Quoiqu’il en soit, les vieux restent tout de même souvent des personnages secondaires en bande dessinée. Mais quand ce n’est pas le cas, c’est souvent très intéressant. Dans la BD d’aventure, le principe, quel que soit le lieu ou l’époque est à peu près toujours le même. Le héros, après une longue vie d’aventures, a décidé de se retirer dans son ranch/sa ferme/son île. Mais, car il y a toujours un mais, la population ou une de ses anciennes conquêtes vient le supplier de reprendre du service. Il a une barbe blanche, il est fatigué, mais car il a conscience que l’avenir du monde repose sur ses épaules. Donc il be back, tout ça.

Le cas le plus emblématique est celui de Bragon, dans la Quête de l’Oiseau du Temps, qui, pour la belle chevelure rousse de la princesse sorcière, va repartir sur les chemins. En quatre tomes, la Quête de l’oiseau du Temps de Loisel et Le Tendre reste l’une des références francophones en matière d’heroic-fantasy. A noter que depuis les années 2000, ils ont lancé un nouveau cycle “Avant la quête”, qui relate l’histoire de Bragon jeune. Toujours en heroic-fantasy, même si on s’éloigne un peu de la BD, dans le livre illustré Le dernier Héros de Terry Pratchett, Cohen le Barbare va défier les dieux. Agé de plus de cent ans, il évolue dans un monde qui connait son siècle de la Roussette (équivalent de notre siècle des Lumières) et qui n’a plus besoin de vieux héros fatigués comme lui. Pourtant, jusqu’au bout, sur un mode très comique, lui et ses camarades entretiennent les vieilles traditions: violer, piller, torturer, ravager des villes. A lire aussi absolument le roman Les Tribuations d’un mage en Aurient où, avec la horde d’Argent, il deviendra Gengis Cohen…
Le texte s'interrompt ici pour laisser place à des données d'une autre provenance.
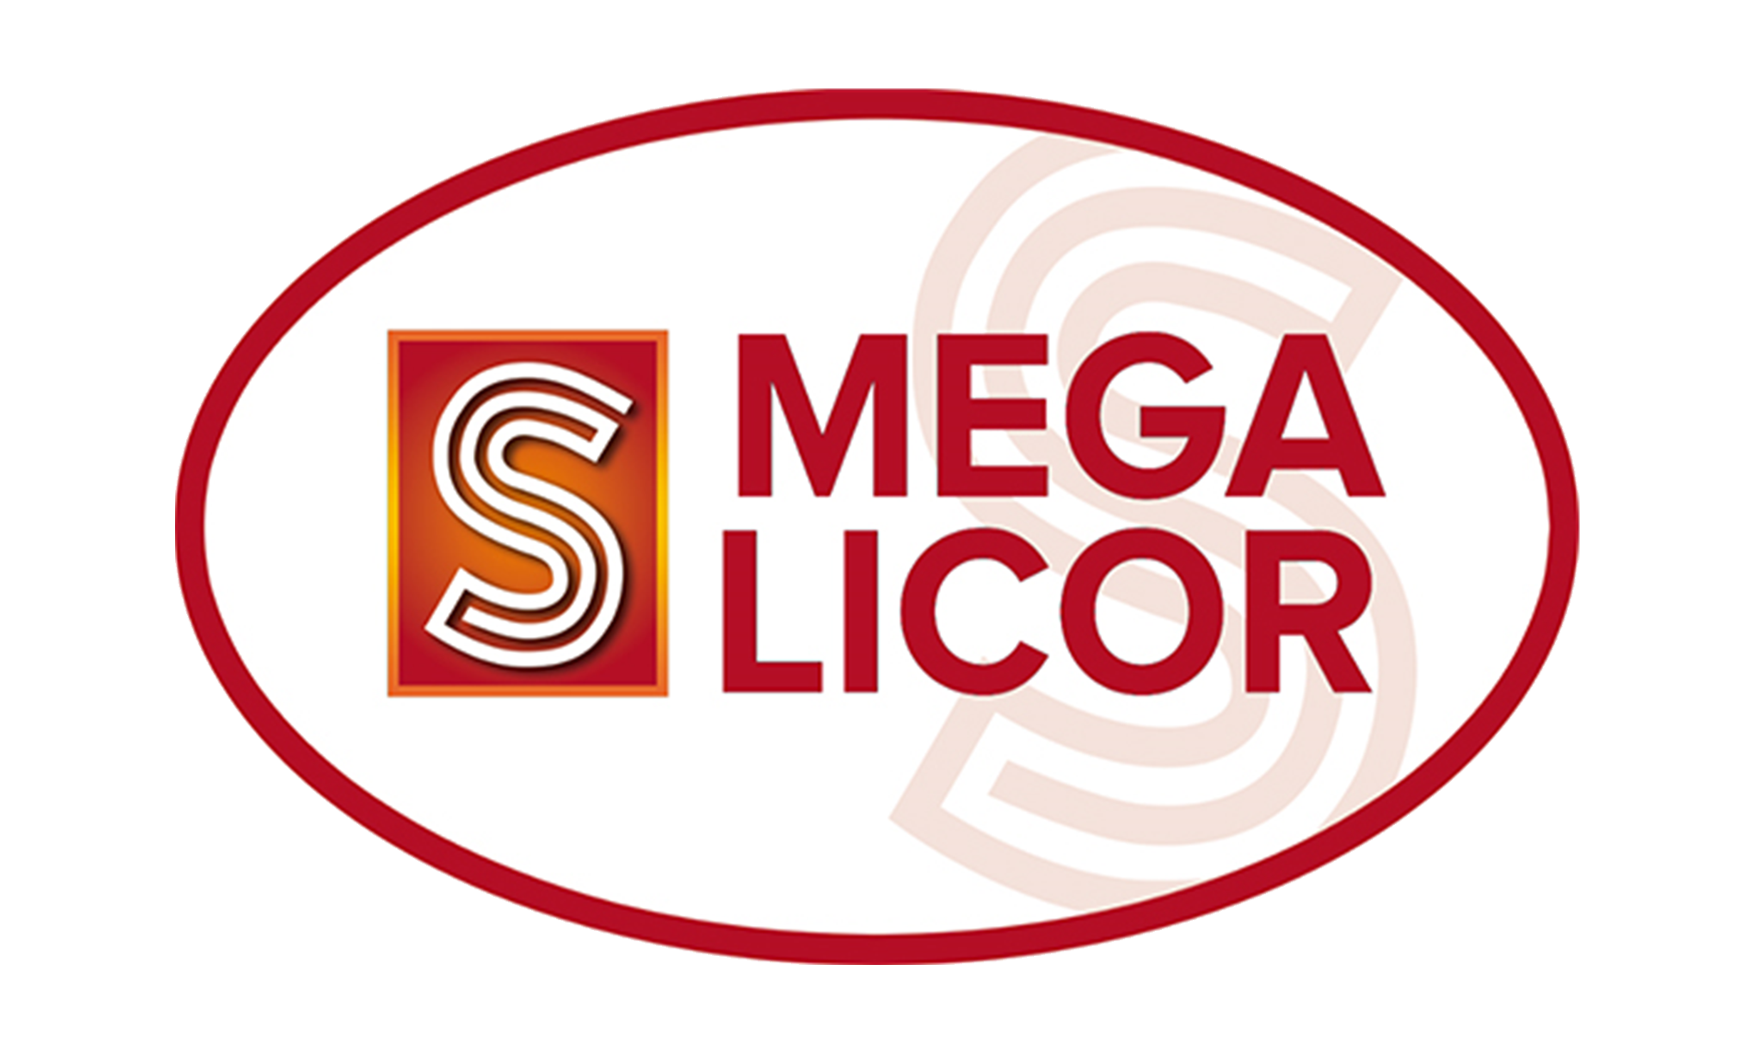 Megalicor

Pas besoin de vivre dans le petit monde des elfes pour être un héros fatigué. Plus près de chez nous, la BD Nic Oumouk de Larcenet met en scène un jeune gars de banlieue. L’un de ses adversaires/amis se nomme Edukator, un ancien prof qui le soir se déguise en super-héros pour corriger les jeunes délinquants. Mais pas corriger au sens de Pascal de Grand-Frère. Non, quand Nic Omouk est en train de taguer un mur, Edukator surgit par derrière non pas pour l’en empêcher, mais pour lui corriger ses fautes. Et puis n’oublions pas que comme toute rock star qui se respecte, Lucien continue de jouer malgré ses cheveux blancs.

Super-héros mités

Avouons-le, un vieux c’est bien, mais un vieux déguisé en super-héros, c’est mieux. Il n’est ainsi pas rare de voir des artistes s’amusant à vieillir nos super-héros traditionnels. Tout de suite, ils sont donc moins crédibles, comme dans cette série de Donald Soffritti :


D’autres images ici.

Parfois, les super-héros vieillissent aussi dans des comics très sérieux, comme le célébrissime Watchmen. Sans revenir longuement sur l’histoire, elle met en scène les Vigilants qui, après une période faste où ils ont protégé le peuple, se sont vus stigmatisés, puis interdits. Âgés, ils reviennent finalement un à un aux affaires. Enjeu: leur propre survie. Oser vieillir les super-héros n’est pas anodin. C’est pratiquement systématiquement associé à une certaine idée de la décadence. Si le super-héros doit retourner au boulot, c’est que le monde/ l’Amérique ne fonctionne plus correctement. La société a échoué, elle est en déclin et, dans la plupart des cas, ils ne peuvent qu’accompagner cette chute.

Finalement, c’est un peu à l’image de ce qui nous arrive en ce moment, non? Refaire travailler les vieux, jusqu’au bout, pour accompagner le long déclin de notre civilisation… Les costumes fluos en moins.